• [Task]: Find the line with "общая площадь 120,2" in the entries below, then output every line from it down to the line with "Für intime Dinner, Meetings", exactly and with no pictures.

• [Data listing]:
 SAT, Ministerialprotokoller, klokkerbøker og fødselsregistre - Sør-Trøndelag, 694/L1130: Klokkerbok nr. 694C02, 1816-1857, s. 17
* * *
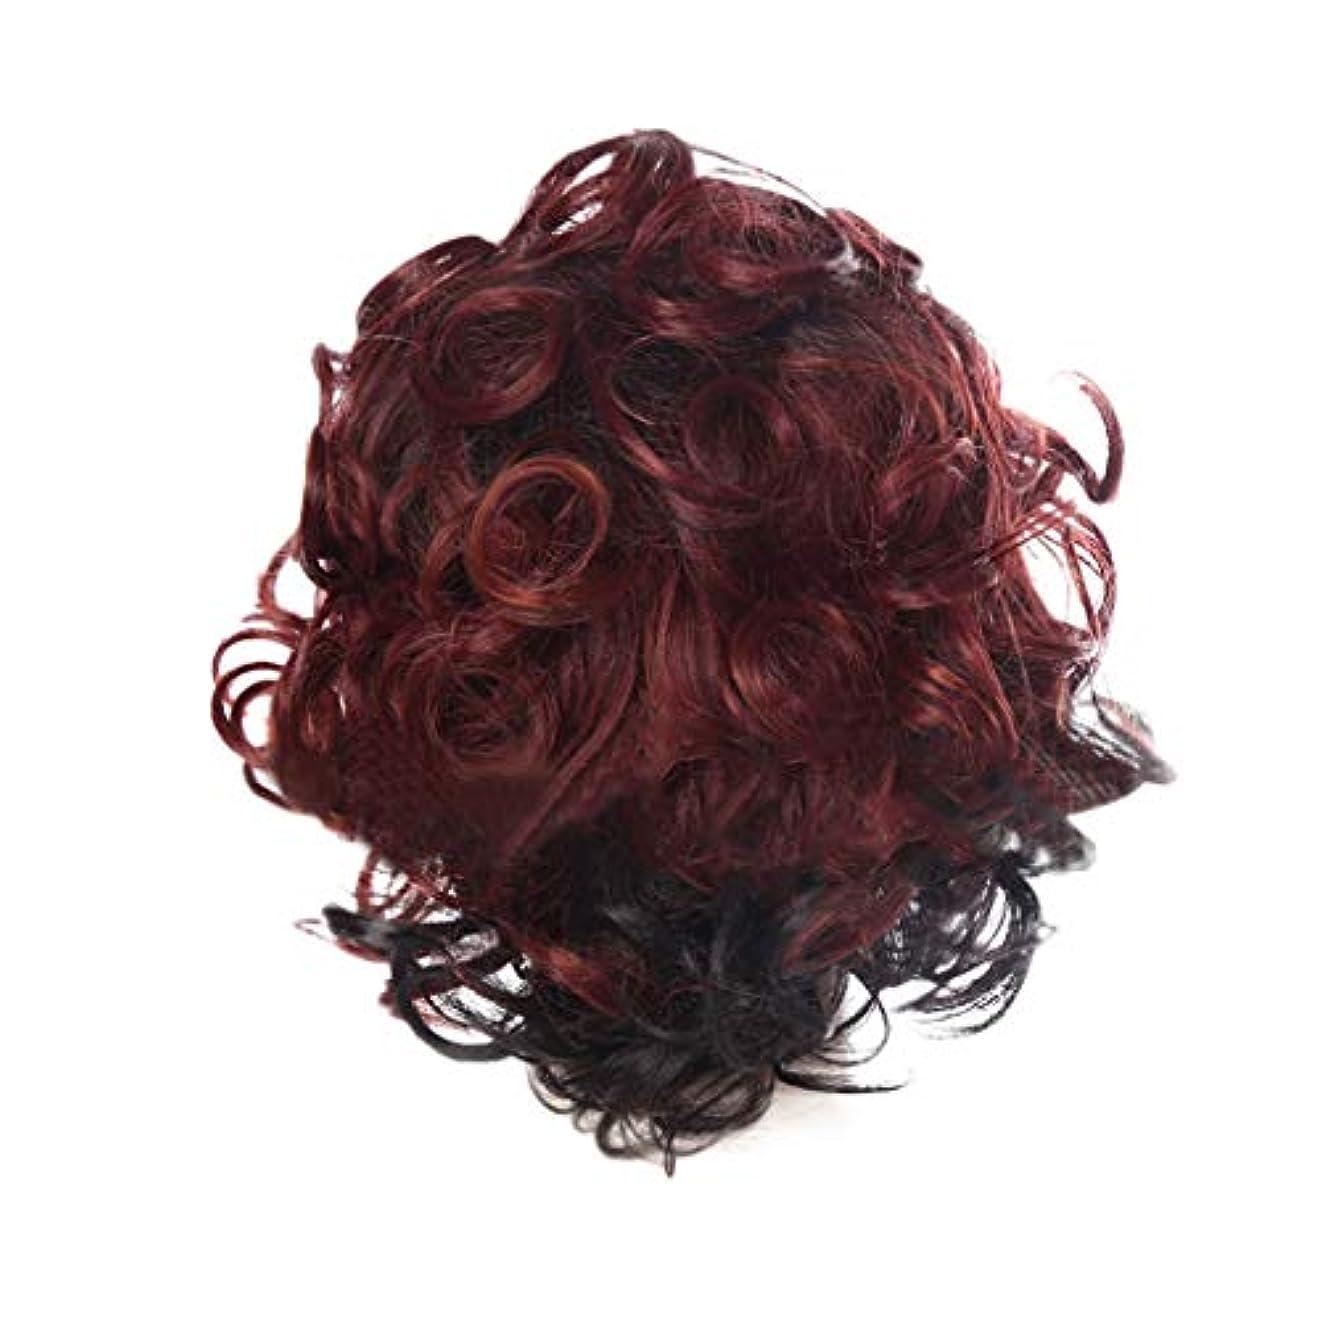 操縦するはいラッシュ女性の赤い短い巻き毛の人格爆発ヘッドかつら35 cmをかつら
==
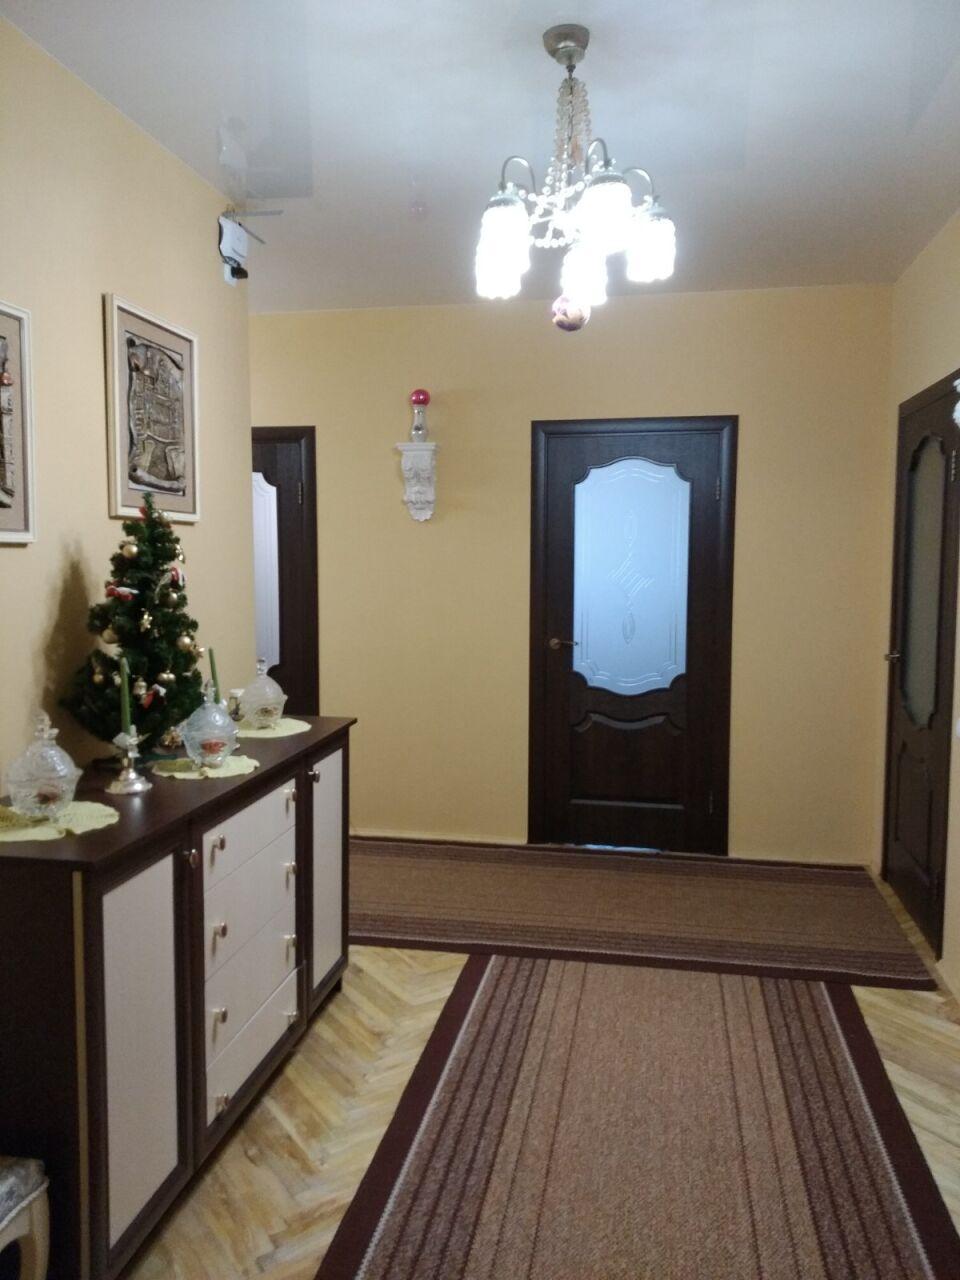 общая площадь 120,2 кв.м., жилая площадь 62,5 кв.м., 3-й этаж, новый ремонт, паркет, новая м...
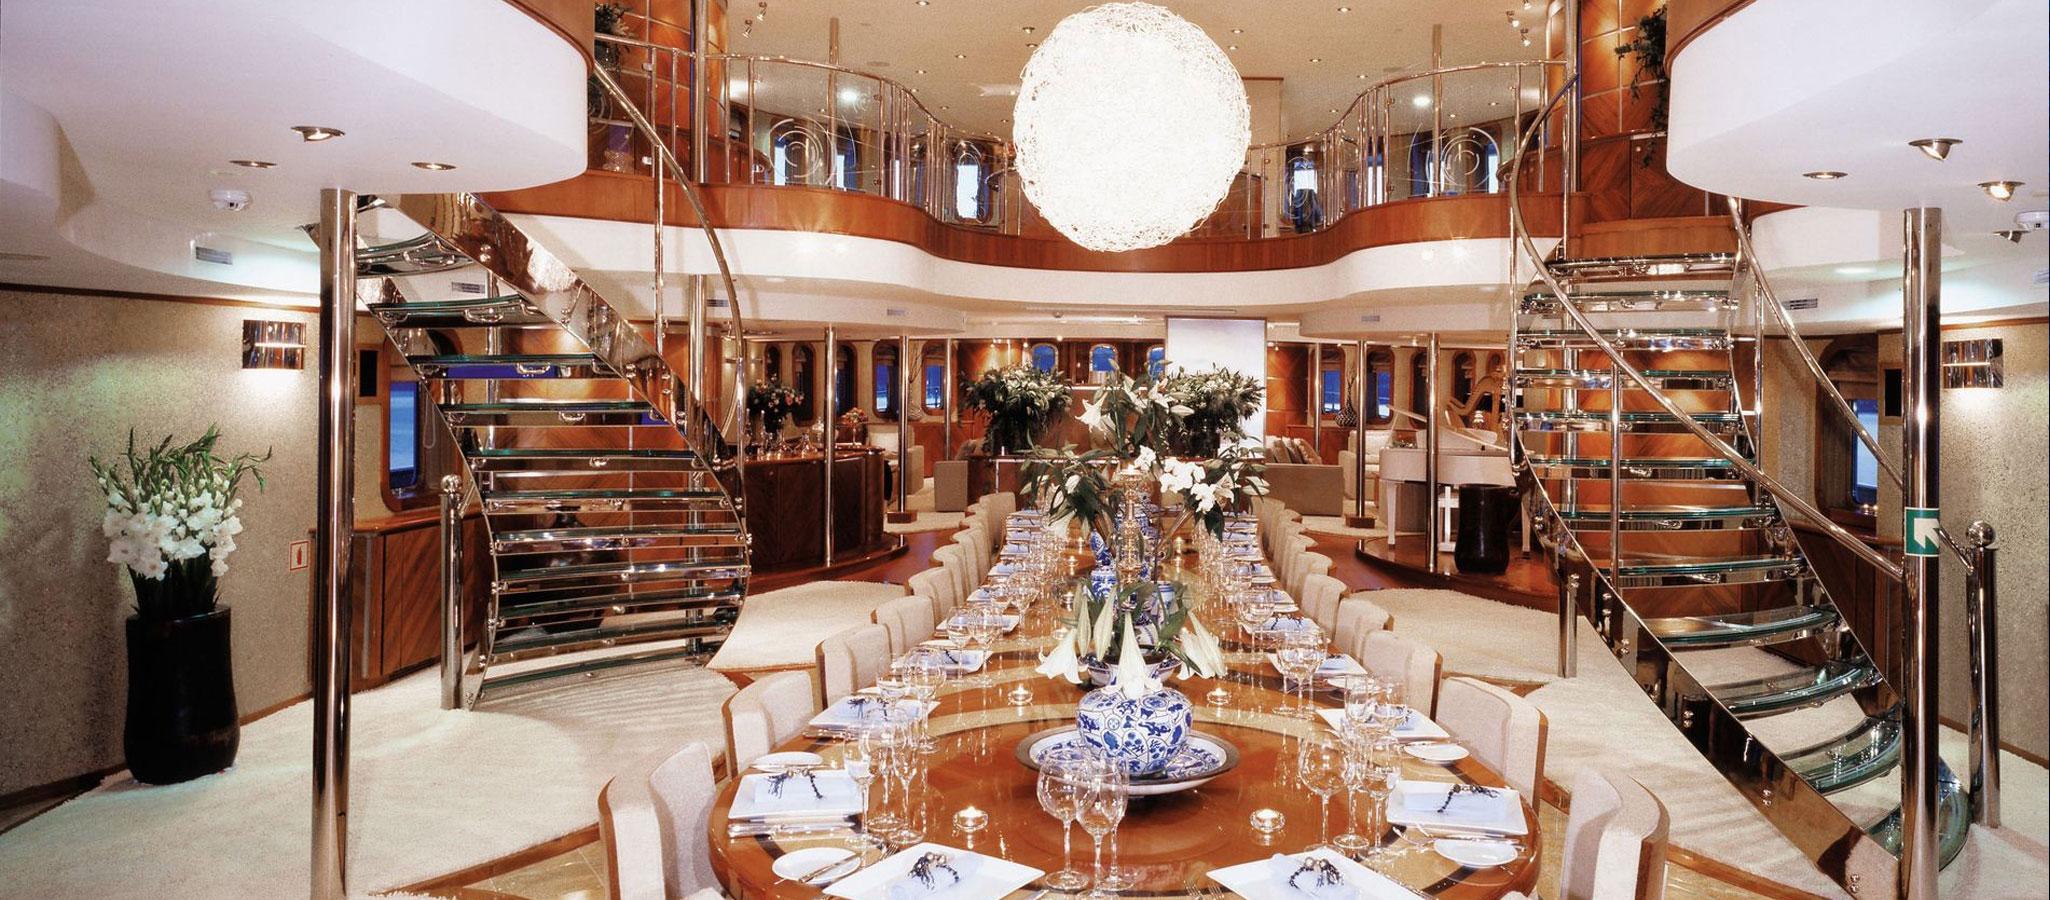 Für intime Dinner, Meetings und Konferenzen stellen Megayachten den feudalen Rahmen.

• [Reply to the exercise]:
 общая площадь 120,2 кв.м., жилая площадь 62,5 кв.м., 3-й этаж, новый ремонт, паркет, новая м...
 Für intime Dinner, Meetings und Konferenzen stellen Megayachten den feudalen Rahmen.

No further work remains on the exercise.